Beengt seien die Verhältnisse in der Zirndorfer Einrichtung, berichtet der Leiter: „Wir haben eine Kapazität von 500 Personen, derzeit sind jedoch an die 560 Menschen hier untergebracht.“ Bis zu acht Personen müssen sich ein Zimmer teilen. Die Familienzimmer in den zwei eigenen Häusern auf dem Gelände sind so ausgelastet, dass Väter mitunter dort keinen Platz haben und bei den alleinstehenden Männern schlafen müssen. Die Flüchtlinge kommen unter anderem aus Afghanistan, aus dem Irak, den ehemaligen GUS–Staaten oder aus Afrika – unterschiedliche Kulturkreise und Lebensvorstellungen prallen in Zirndorf aufeinander.

Viel Zündstoff also, doch sagt Staritz: „Gottseidank gibt es kaum Ärger. Die Leute merken, dass sie zusammenrücken müssen.“ In den vergangenen Jahren hat die Zahl der Asylbewerber stetig zugenommen (siehe Stichwort). Der Zustrom halte die Behörden auf Trab: „Vier bis sechs Wochen nach der Antragstellung werden die Leute auf andere Unterkünfte verteilt. Wir müssen schauen, dass wir Platz schaffen.“

Um die beengte Situation in Zirndorf und München zu verbessern, soll eine dritte Erstaufnahmeeinrichtung eingerichtet werden. „Das Sozialministerium prüft mehrere Standorte“, so Pressesprecherin Sabine Knödl. Eine Entscheidung solle noch in der ersten Jahreshälfte getroffen werden.

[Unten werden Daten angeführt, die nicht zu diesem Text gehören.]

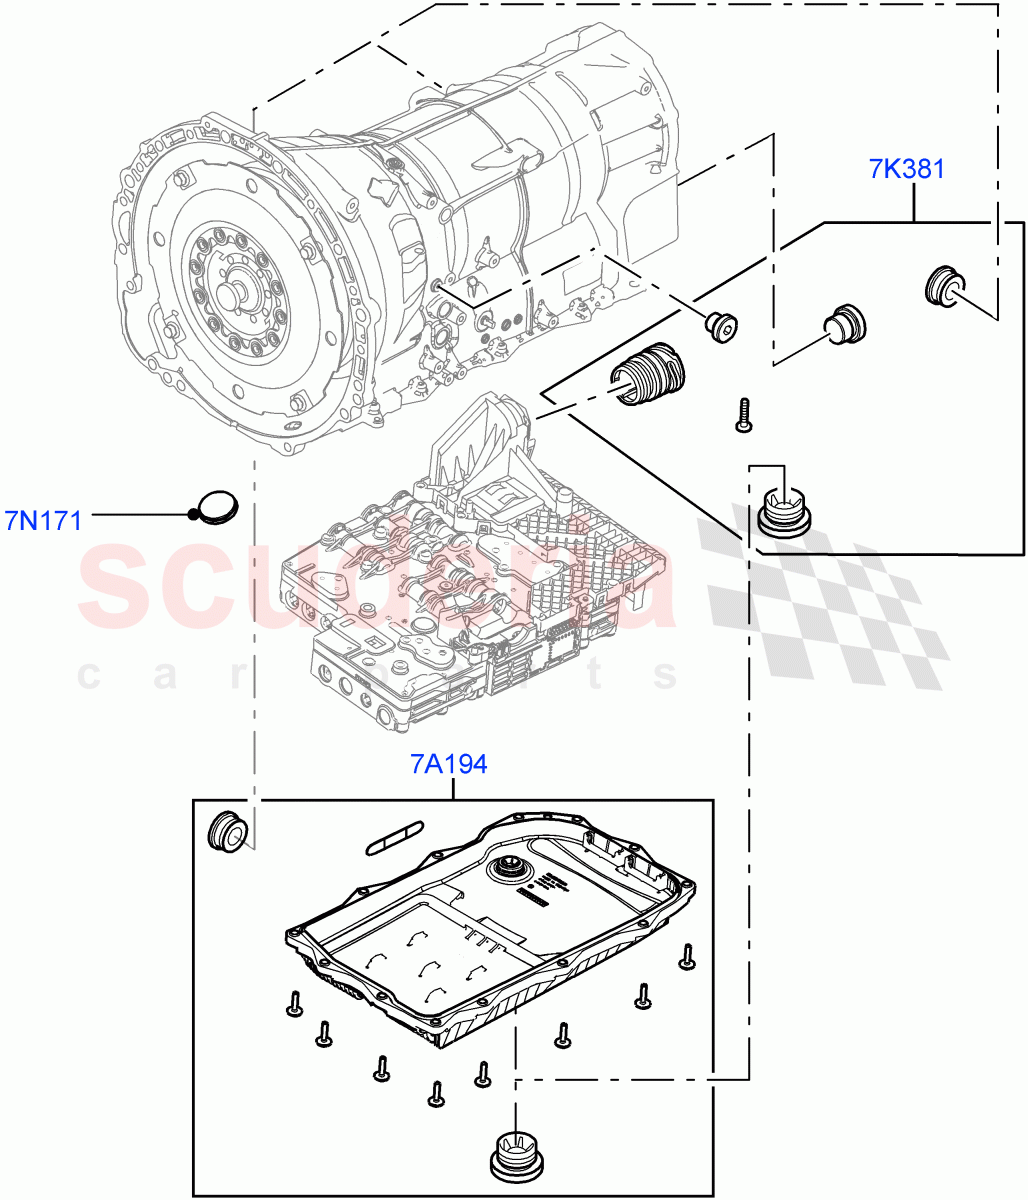 Transmission External Components(Nitra Plant Build)(2.0L I4 DSL HIGH DOHC AJ200,8 Speed Auto Trans ZF 8HP70 4WD,5.0 Petrol AJ133 DOHC CDA)((V)FROMK2000001) of Land Rover Land Rover Defender (2020+) [2.0 Turbo Diesel]
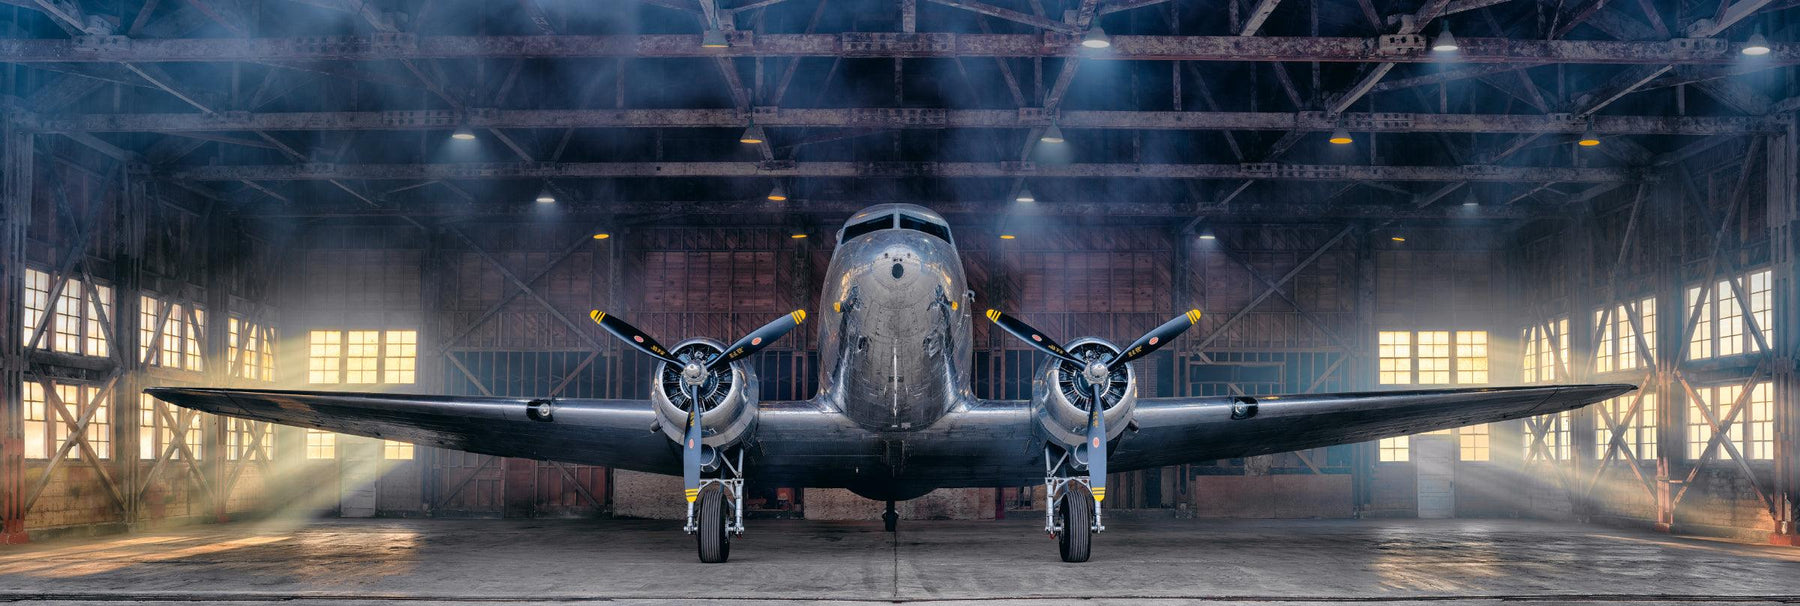 Silver DC-3 airplane in an open metal hanger with sun shining in the windows

Das große Warten – eine Tortur für Kinder

Unterkunft, Verpflegung, organisatorische Fragen des Asylverfahrens: das sind die Aufgaben der Mitarbeiter der Erstaufnahmeeinrichtung. Doch die Flüchtlinge haben noch andere Belange: Wer ist da in Momenten der Verzweiflung? Wie kann ich Kontakt mit meiner Heimat aufnehmen? Wo kriege ich neue Kleidung? Wer bringt mir Deutsch bei? Helfen können Werner Staritz und seine Mitarbeiter hier nicht: „Unsere Personalkapazität ist dafür zu eng.“ Diese Aufgaben übernehmen vier andere Träger: der Caritasverband Nürnberg, das Diakonische Werk Schwabach, die evangelische Kirchengemeinde St.Rochus in Zirndorf und die Rummelsberger Dienste für junge Menschen. Staritz ist dankbar für die Unterstützung: „Das ist eine sehr wichtige Arbeit.“

Das Sozialzentrum mit der Cafeteria und dem Kindergarten ist der einzige Ort auf dem Gelände, das einen Gemeinschaftsraum und eine Kinderbetreuung anbietet. Die meisten Asylbewerber seien zunächst voller Tatendrang, berichtet Erwin Bartsch von der Asylgruppe St.Rochus: „Sie haben eine große Motivation, sind neugierig und wollen unsere Sprache und Kultur kennenlernen.“ Doch die Ernüchterung folge rasch. „Die Erwachsenen dürfen nicht arbeiten, die Kinder haben während der Unterbringung in Zirndorf noch keine Schulpflicht. Die Menschen werden verwaltet, geparkt und dann auf andere Heime verteilt“, sagt der Gemeindepädagoge, der mit seiner Gruppe ehrenamtlicher Helfer regelmäßig für die Asylbewerber da ist.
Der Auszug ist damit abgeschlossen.